Alla scoperta del teatro romano

L’anno scorso a ottobre sono andata a visitare i resti del teatro romano che si trovano per gran parte sotto Palazzo Turati, attualmente sede della camera di commercio.

In fondo, come sempre, vi metto le indicazioni di come fare a prenotare.

Parliamo un secondo di Palazzo Turati. Ce l’avete presente? La facciata che prospetta su via Meravigli ricorda un po’ il Palazzo dei Diamanti di Ferrara. Fu commissionato dai Turati mercanti di tessuti della zona di Busto. Nell’ultimo quarto dell’800 da mercanti si trasformarono in banchieri e nel 1880 erano proprietari di tutta l’area che andava da Palazzo Turati a Palazzo Mezzanotte in Piazza Affari. Il palazzo è alto 6 piani e ha fondamenta a – 20 metri

A quota – 3 metri furono trovati dei resti antichi durante i lavori di costruzione di alcuni edifici tra via Meravigli, via San Vittore al Teatro e piazza Affari. La scoperta fu fatta dal famoso archeologo Pompeo Castelfranco che disse di aver trovato un grosso dinosauro di epoca romana ma non riuscì a identificare il teatro. Negli anni 30 del 900, quando venne edificato palazzo Mezzanotte gli scavi vennero seguiti dalla dottoressa Alda Levi che al tempo era responsabile della regia sovrintendenza ai monumenti di Milano. Il suo progetto era quello di fare una grande area archeologica visibile a tutti i milanesi. Purtroppo a causa delle leggi razziali del 1938 non se ne fece nulla fino ad una decina di anni fa quando l’area fu aperta.

Vi racconto il teatro: aveva una capienza di 8.000 posti su una città di 18.000 abitanti! Era alto 20 metri e lungo 95 per una superficie di 450 metri quadrati. Le mura erano alte circa 7 metri ed era tutto in marmo bianco mentre le fondamenta erano in sassi, pezzi di mattoni, ghiaia e ciottoli. Dato che il sottosuolo di Milano non è stabile, il tutto andava consolidato con pali di legno di quercia in orizzontale e verticale, così come riportato nel trattato di architettura di Vitruvio.

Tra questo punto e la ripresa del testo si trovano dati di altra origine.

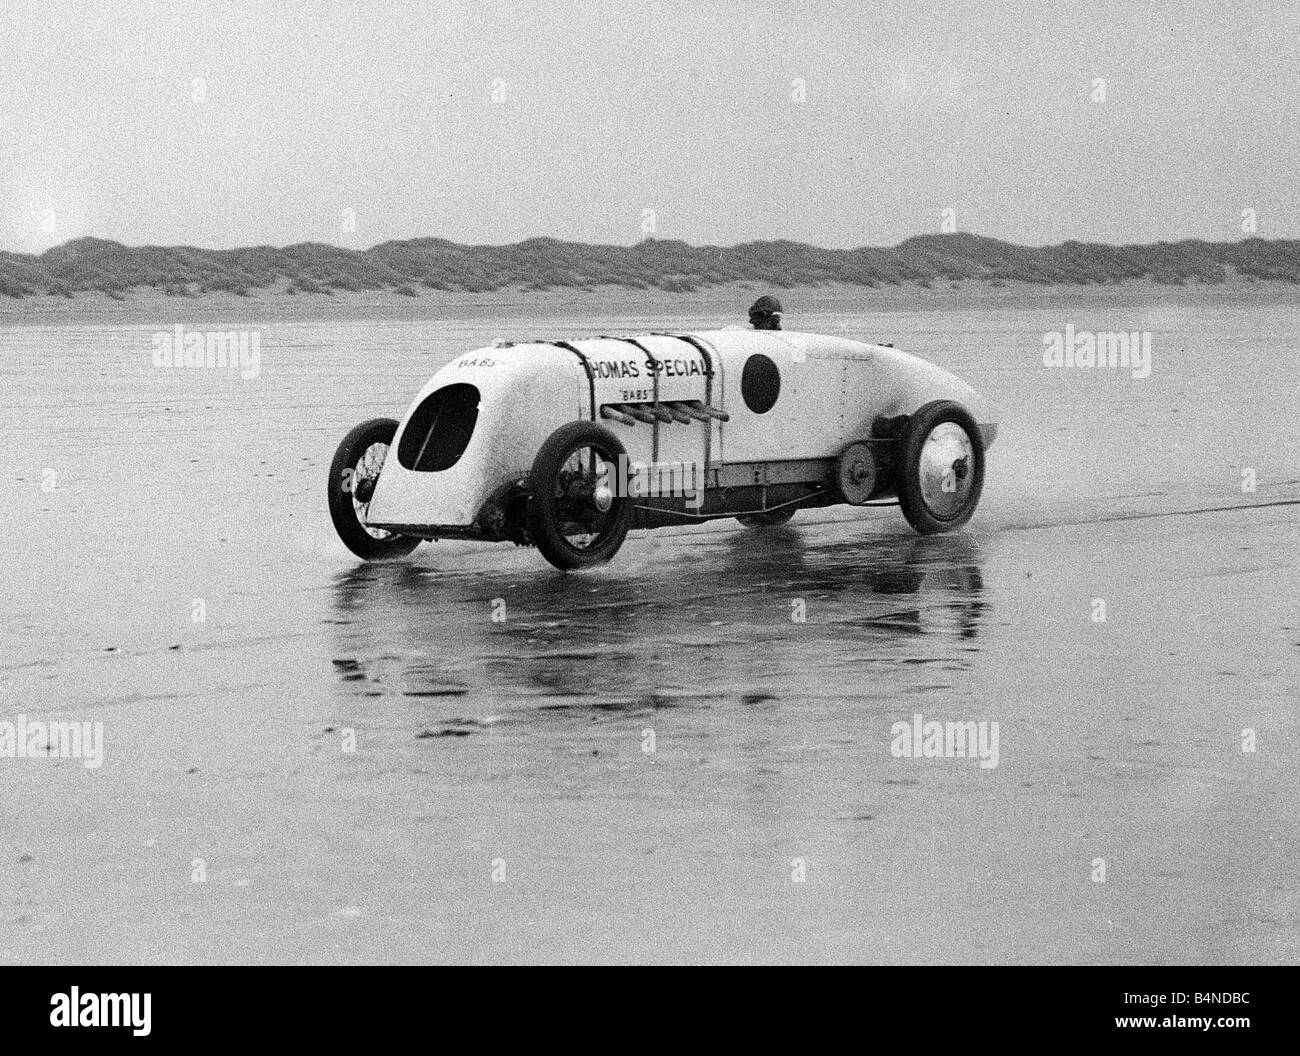 Herr J G P Thomas in seinem Thomas Special 400h p Auto auf Pendine Sands in South Wales Welt Land Speed Record Versuch Circa 1920 Stockfoto

Il teatro fu costruito ai tempi di Augusto e probabilmente ospitò spettacoli fino alla fine del IV secolo quando la discesa del Barbarossa a Milano ne segnò la fine. Dell’epoca romana non è rimasto tantissimo considerando che in città erano presenti un palazzo imperiale, il circo, l’anfiteatro, le terme erculee, il foro e appunto questo teatro; purtroppo però gli Unni di Attila prima, i Longobardi dopo e infine il Barbarossa dopo un assedio durato 6 mesi lasciarono ben poche tracce.

Per prenotare dovete mandare una mail al seguente indirizzo: teatroromano@mi.camcom.it La visita è gratuita, o per lo meno lo era lo scorso ottobre. Vi immergerete in un viaggio nel tempo davvero affascinante. Si tratta di un museo sensibile, verrete accompagnati nella visita da suoni, odori, immagini…Fatemi sapere poi

L’ingresso, come ricorda la toponomastica è in via San Vittore al Teatro.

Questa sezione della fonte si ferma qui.